SECURITIES AND EXCHANGE COMMISSION

WASHINGTON, DC 20549

____________________

FORM 8-K

CURRENT REPORT

Pursuant to Section 13 or 15(d) of the

Securities Exchange Act of 1934

Date of Report (Date of earliest event reported): December 8, 2009


(Exact name of registrant as specified in its charter)

 

Florida

 

000-1415277

 

65-0925265

(State of Incorporation)

 

(Commission File Number)

 

(IRS Employer Identification No.)

One North Federal Highway, Boca Raton, Florida

 

33432

(Address of principal executive offices)

 

(Zip Code)

Registrant's telephone number, including area code: (561) 362-3435

___________________________________________________

(Former Name or Former Address, if Changed Since Last Report)

 

Check the appropriate box below if the Form 8-K filing is intended to simultaneously satisfy the filing obligation of the registrant under any of the following provisions (see General Instruction A.2. below):

o

Written communications pursuant to Rule 425 under the Securities Act (17 CFR 230.425)

o

Soliciting material pursuant to Rule 14a-12 under the Exchange Act (17 CFR 240.14a-12)

o

Pre-commencement communications pursuant to Rule 14d-2(b) under the Exchange Act (17 CFR 240.14d-2(b))

o

Pre-commencement communications pursuant to Rule 13e-4(c) under the Exchange Act (17 CFR 240.13e-4(c))


1ST UNITED BANCORP, INC.

FORM 8-K

CURRENT REPORT

Item 5.03. Amendments to Articles of Incorporation and Bylaws; Change in Fiscal Year.

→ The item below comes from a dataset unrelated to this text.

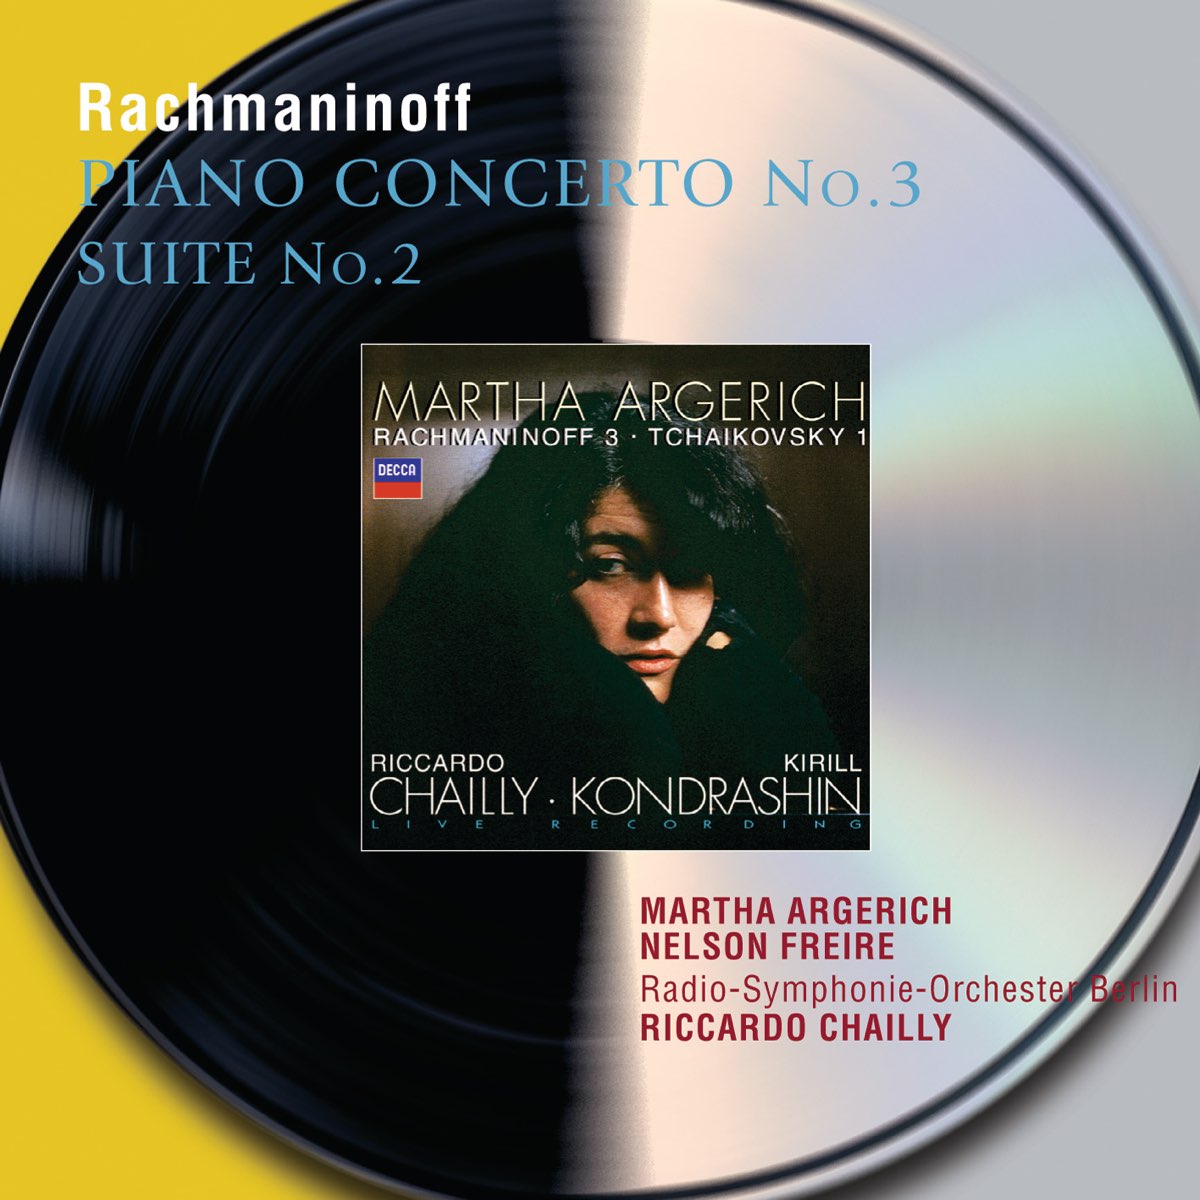 Rachmaninov: Piano Concerto No. 3, Suite No. 2 for 2 Pianos - Album by  Martha Argerich, Nelson Freire, Radio-Symphonie-Orchester Berlin & Riccardo  Chailly - Apple Music

On December 8, 2009, 1st United Bancorp, Inc. (the “Registrant”) held a Special Meeting of Shareholders during which the Registrant’s shareholders approved an amendment (“Authorized Share Amendment”) to the Registrant’s Amended and Restated Articles of Incorporation to increase the number of authorized shares of common stock from 30,000,000 to 60,000,000.  The effective date of the Authorized Share Amendment was December 8, 2009.

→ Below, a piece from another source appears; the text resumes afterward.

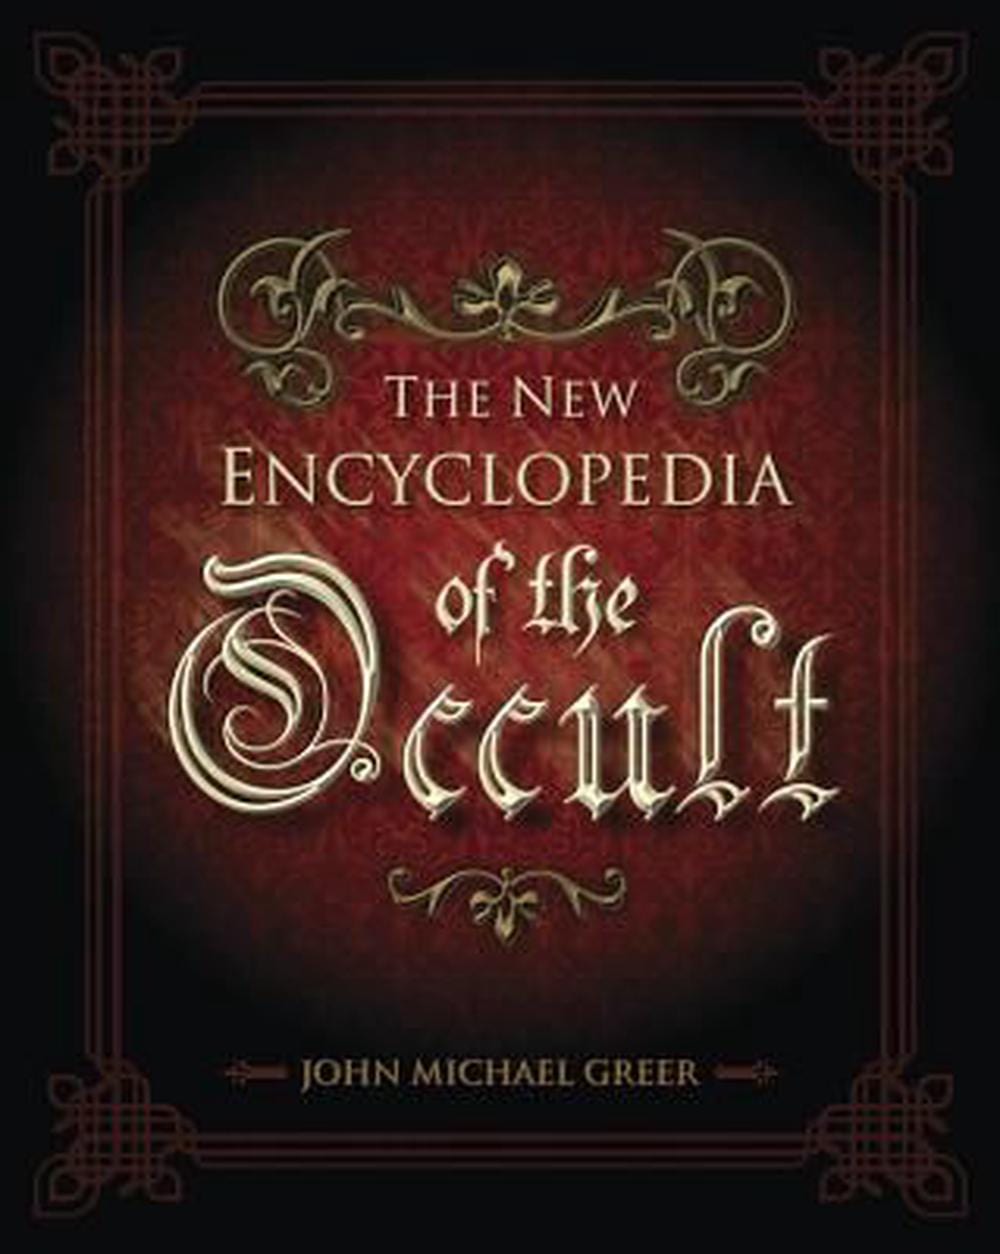 New Encyclopedia of the Occult by John Michael Greer - Third Eye

Also, effective December 8, 2009, the Board of Directors (“Board”) of the Registrant, amended and restated the Registrant’s Bylaws to conform the Bylaws to be consistent with the Registrant’s Amended and Restated Articles of Incorporation. Specifically, (i) the provision permitting shareholder action by written consent was deleted; (ii) the provision permitting shareholders to fill vacancies of the Board was deleted; (iii) the provision permitting shareholders to call a special meeting was amended to require holders of at least 50% of the outstanding shares of common stock to request the special meeting rather than 10% of the outstanding shares of common stock; and (iv) the provision permitting shareholders to remove directors was deleted. None of these amendments to the Bylaws impact the rights of shareholders because all of these changes had previously been approved by the Registrant’s shareholders at the 2008 Annual Meeting and are already reflected in the Registrant’s Amended and Restated Articles of Incorporation. These amendments to the Bylaws merely conform the Bylaws to make the Bylaw provisions consistent with the Amended and Restated Articles of Incorporation.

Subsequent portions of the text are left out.